Copy nothing from the entries below except the lines from the one containing "Cupar Bowmen members" through the one containing "In old postal, delivery", and copy those exactly.

### Data to examine
=== Section Start ===
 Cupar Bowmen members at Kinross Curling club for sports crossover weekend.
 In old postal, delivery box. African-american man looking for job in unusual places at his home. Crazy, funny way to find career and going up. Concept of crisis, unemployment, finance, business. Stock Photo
=== Section End ===
=== Section Start ===
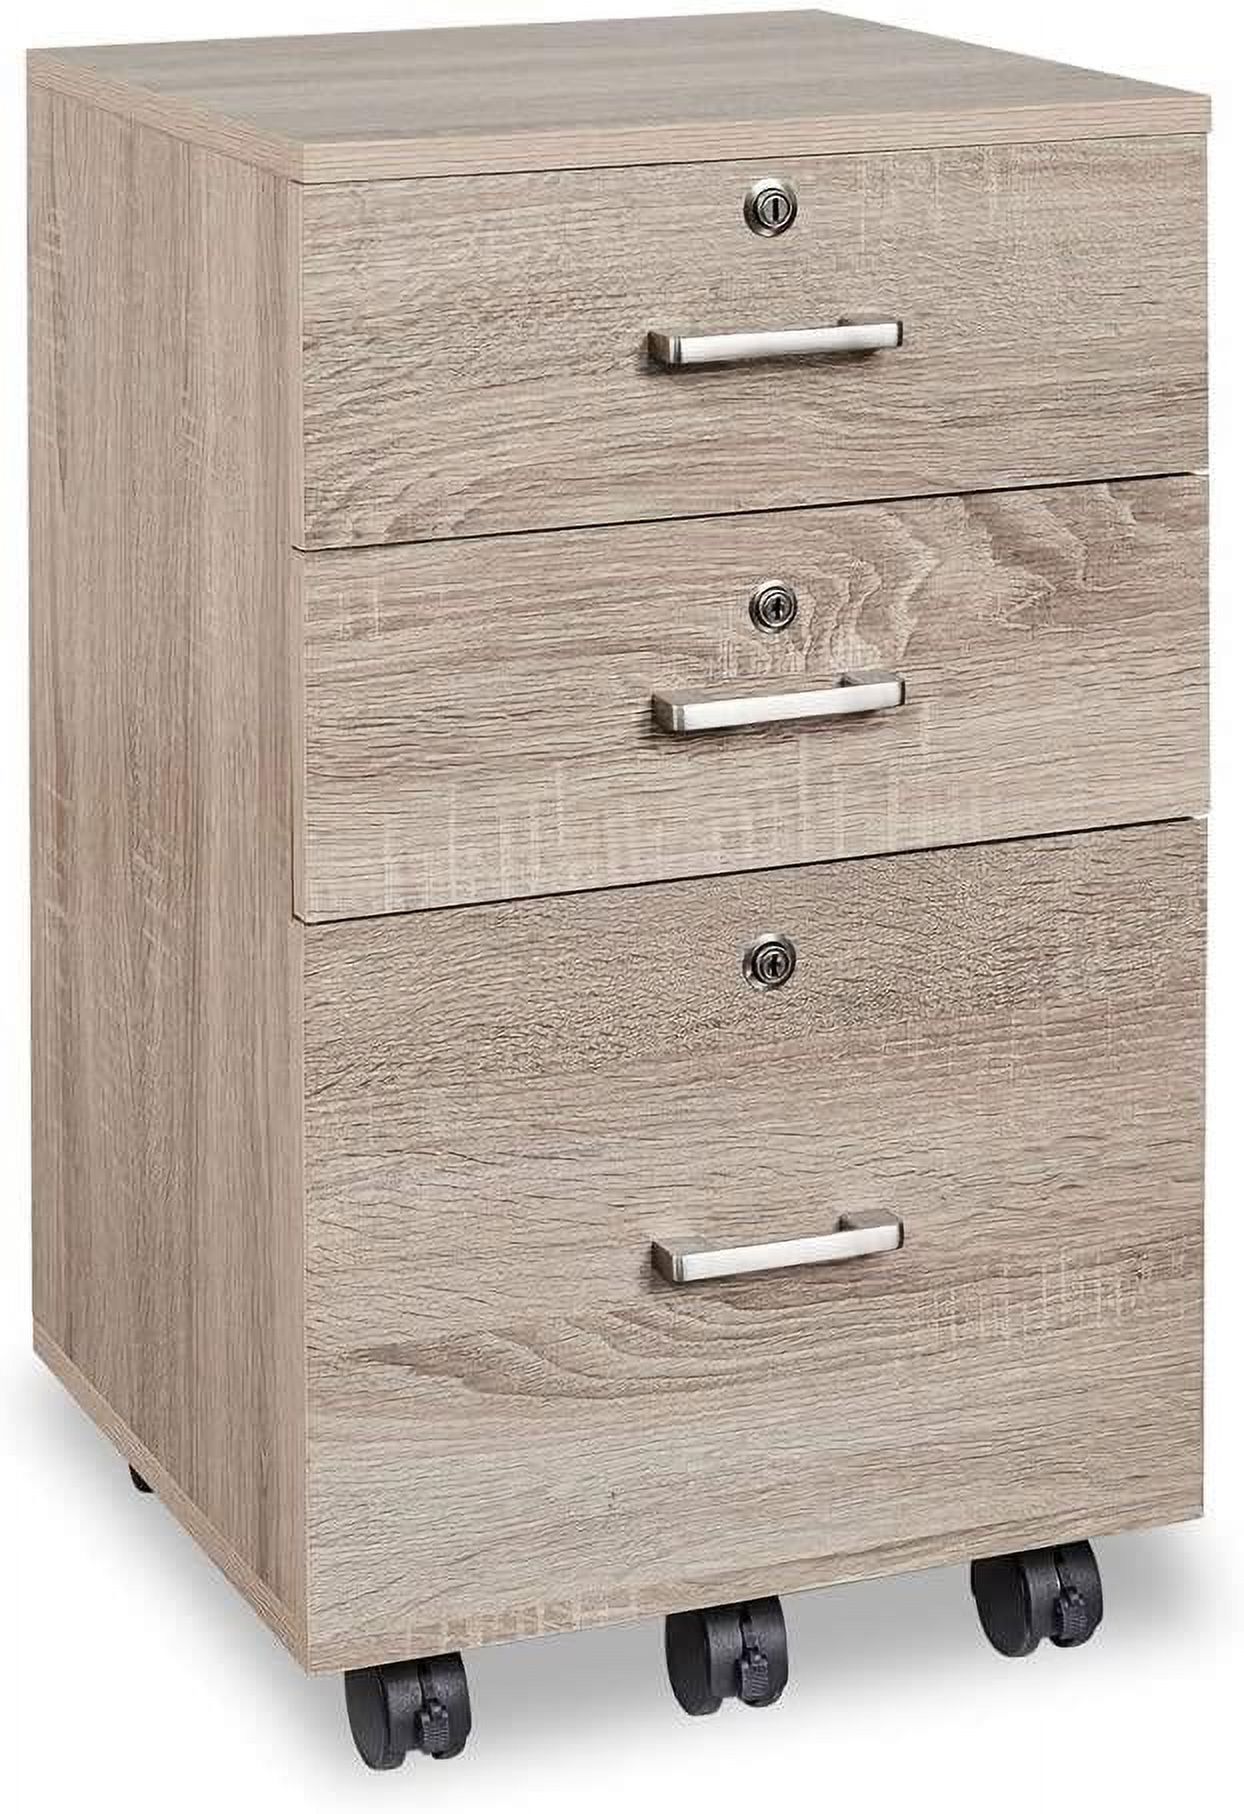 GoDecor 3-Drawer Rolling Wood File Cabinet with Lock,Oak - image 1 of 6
=== Section End ===
=== Section Start ===
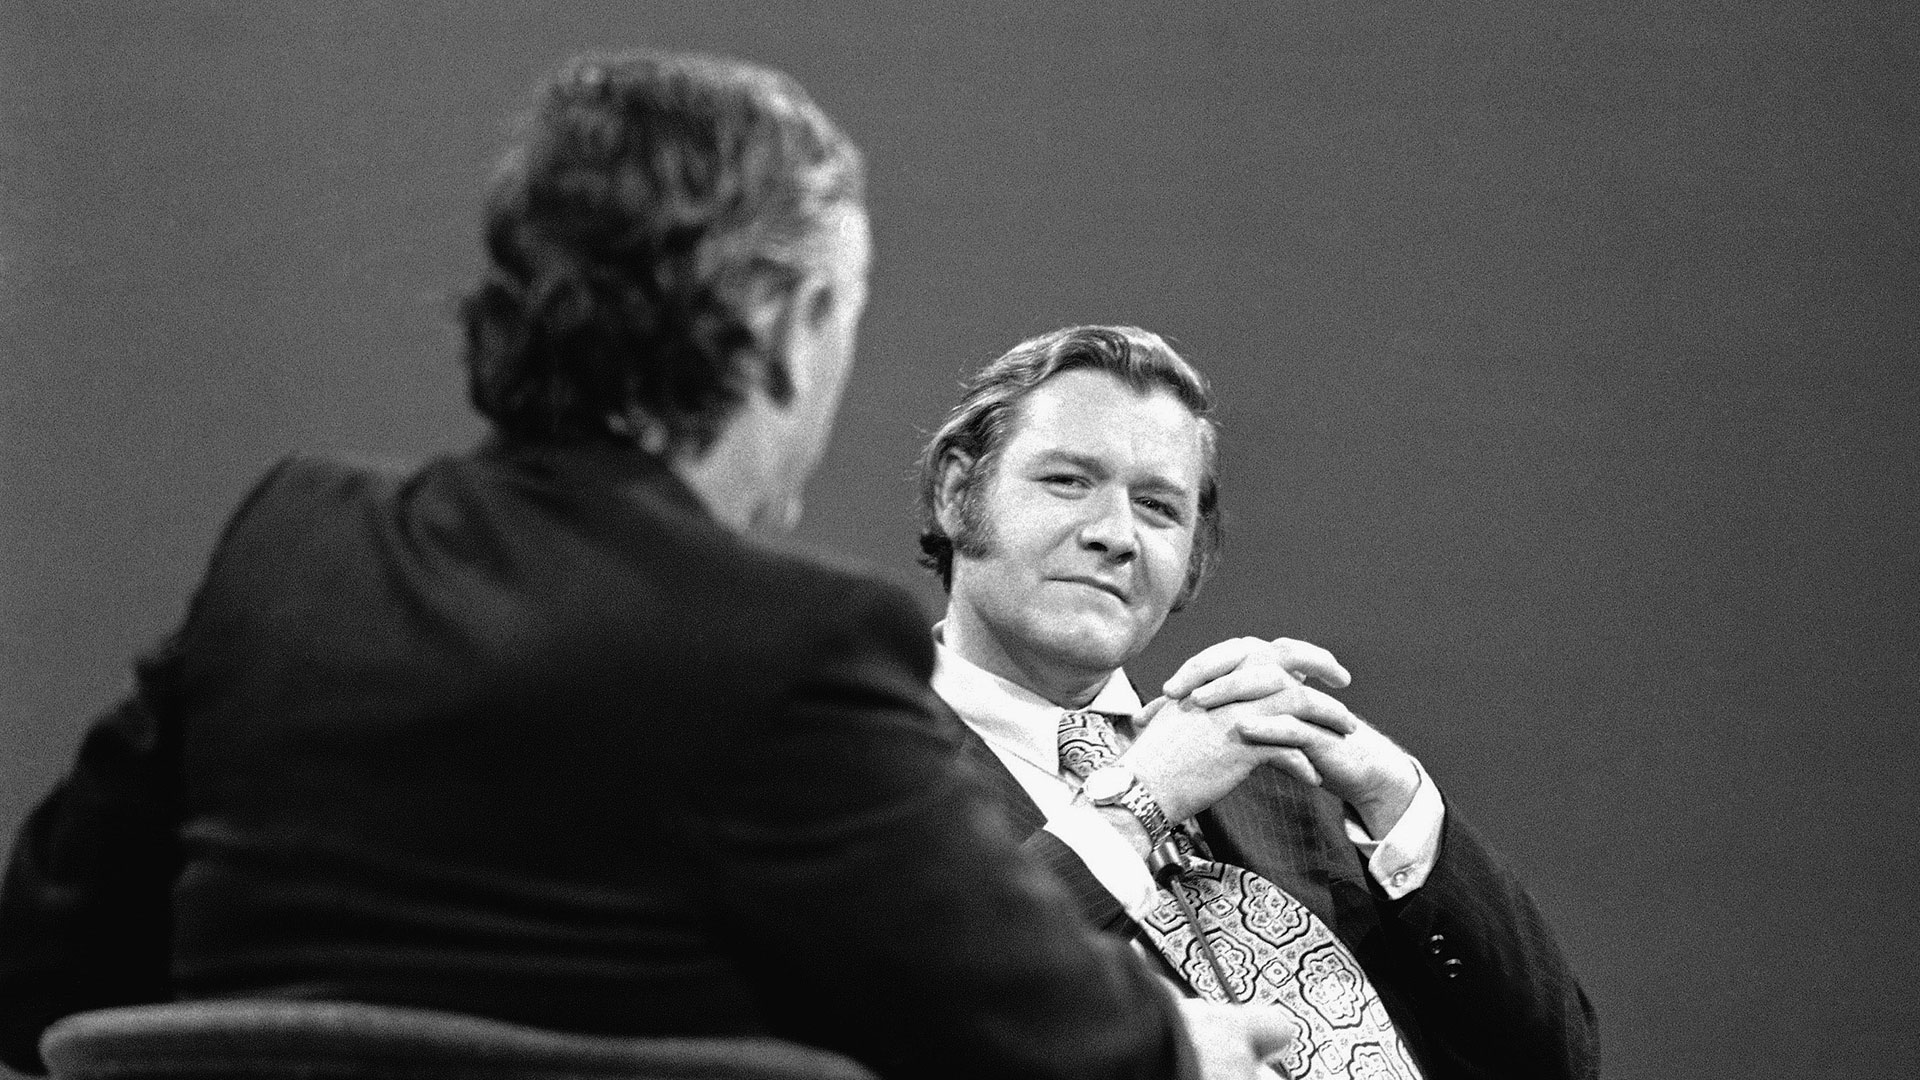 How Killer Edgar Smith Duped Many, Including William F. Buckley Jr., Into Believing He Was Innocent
=== Section End ===
### Solution to the exercise
 Cupar Bowmen members at Kinross Curling club for sports crossover weekend.
 In old postal, delivery box. African-american man looking for job in unusual places at his home. Crazy, funny way to find career and going up. Concept of crisis, unemployment, finance, business. Stock Photo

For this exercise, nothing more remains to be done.